Start of Provided entries

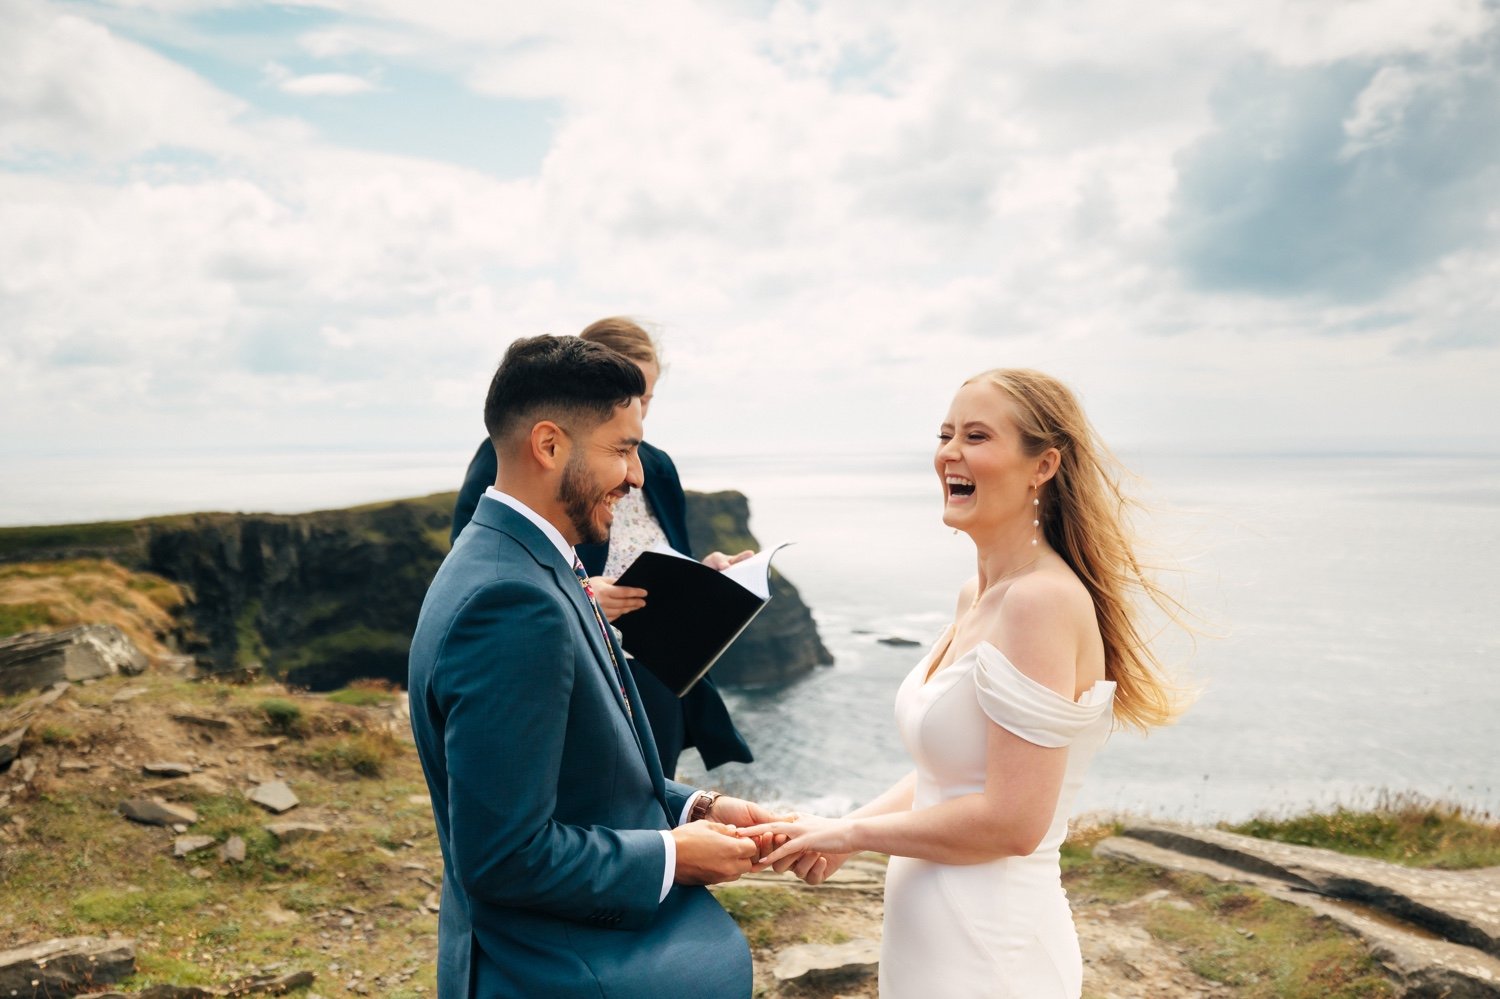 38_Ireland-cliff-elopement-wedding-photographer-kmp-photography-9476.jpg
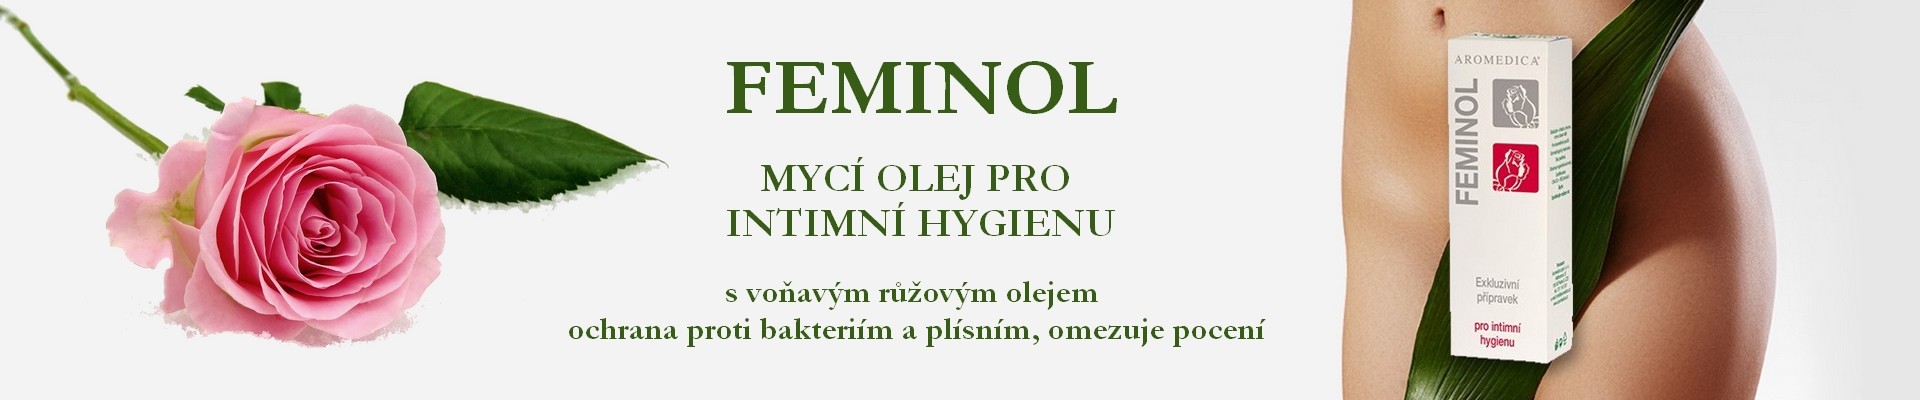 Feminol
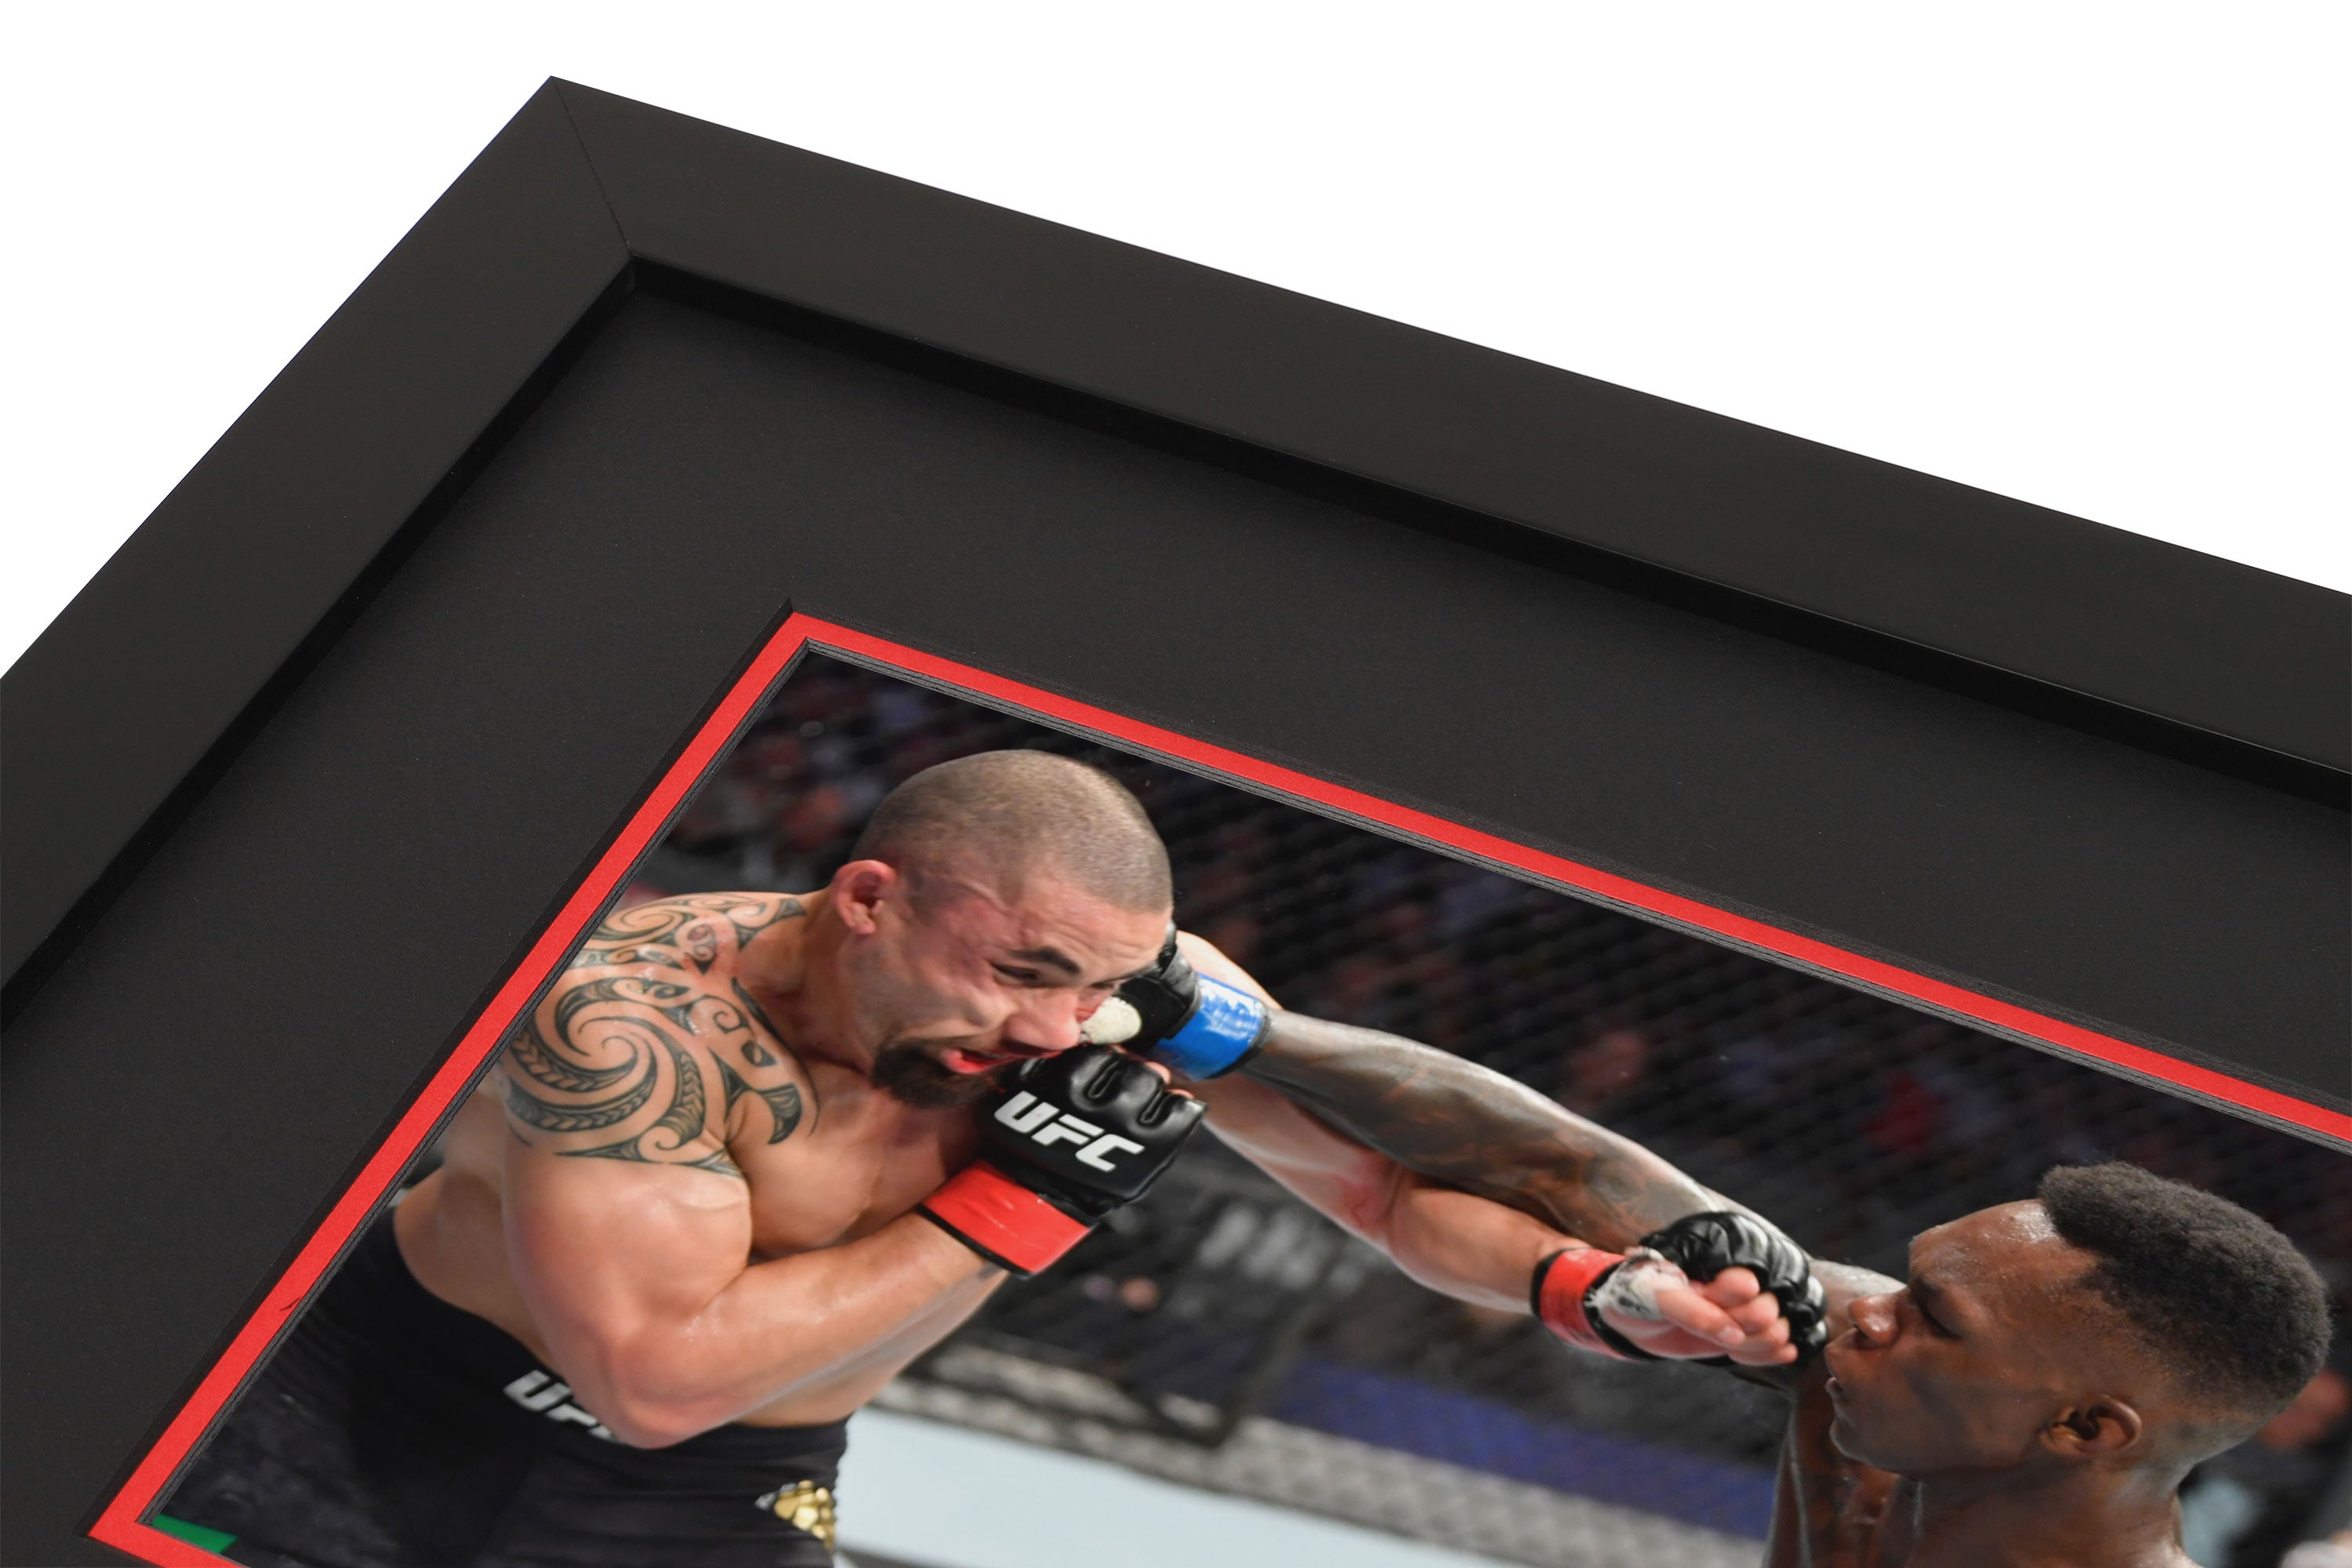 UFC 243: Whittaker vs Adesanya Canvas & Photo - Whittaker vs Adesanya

End of Provided entries
Start of Provided entries

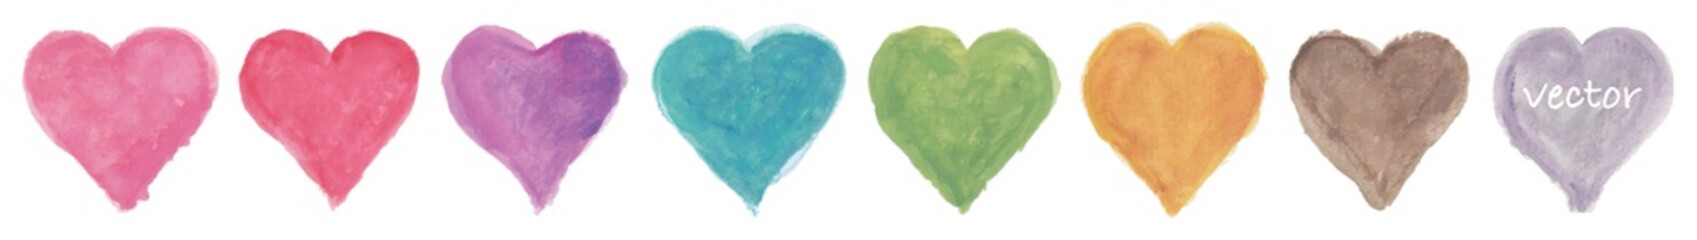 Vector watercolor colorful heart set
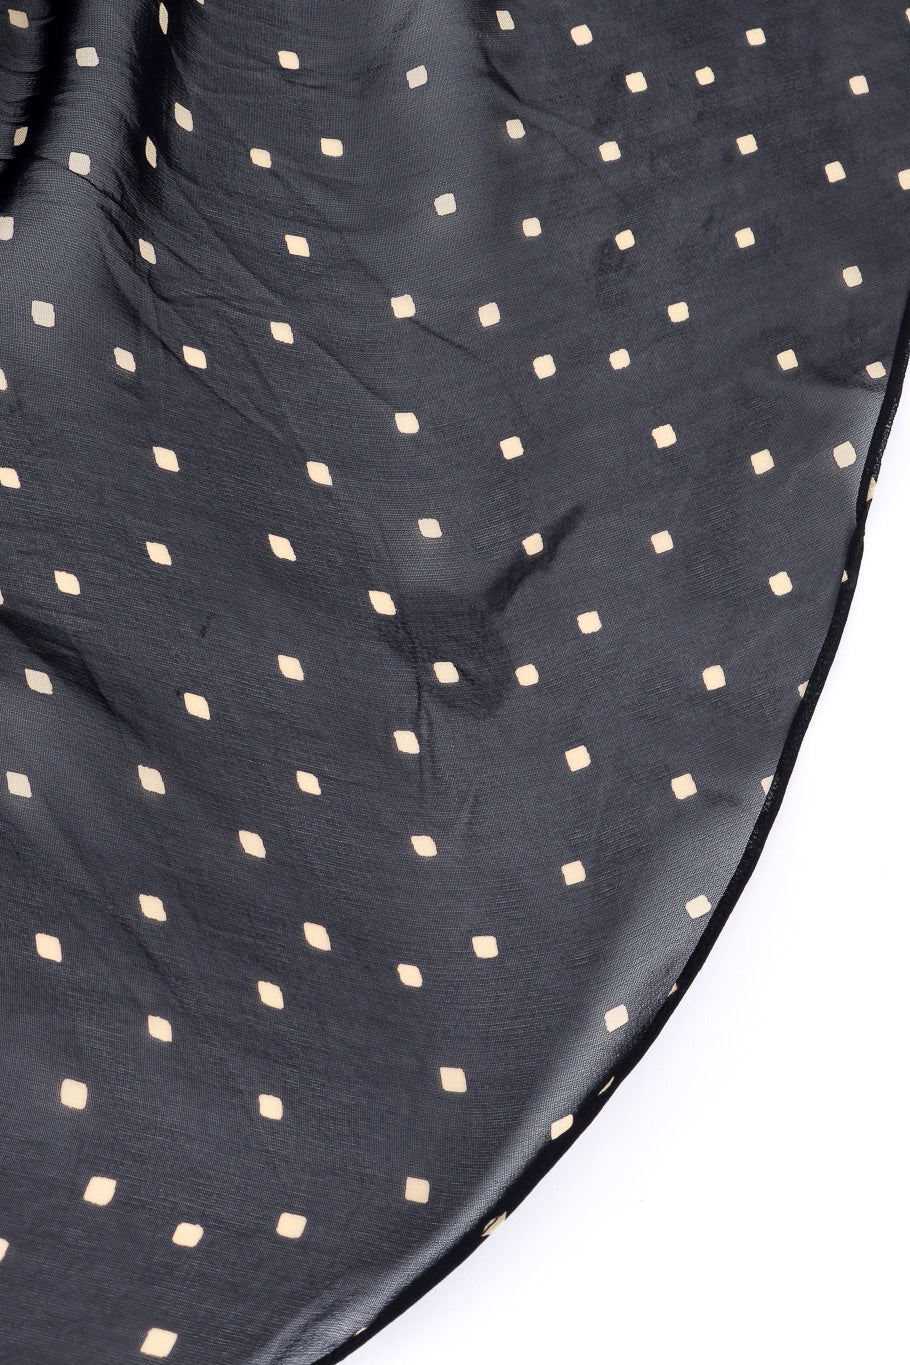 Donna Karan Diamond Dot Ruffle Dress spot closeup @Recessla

End of Provided entries
Start of Provided entries

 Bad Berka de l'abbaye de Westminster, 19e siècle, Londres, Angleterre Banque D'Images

End of Provided entries

■ Task goal
Write out word for word the lines of the listing above from the line with "Vector watercolor colorful heart set" to the line with "Donna Karan Diamond", taking in both of those lines but no pictures.

■ Result of the exercise
 Vector watercolor colorful heart set
 Donna Karan Diamond Dot Ruffle Dress spot closeup @Recessla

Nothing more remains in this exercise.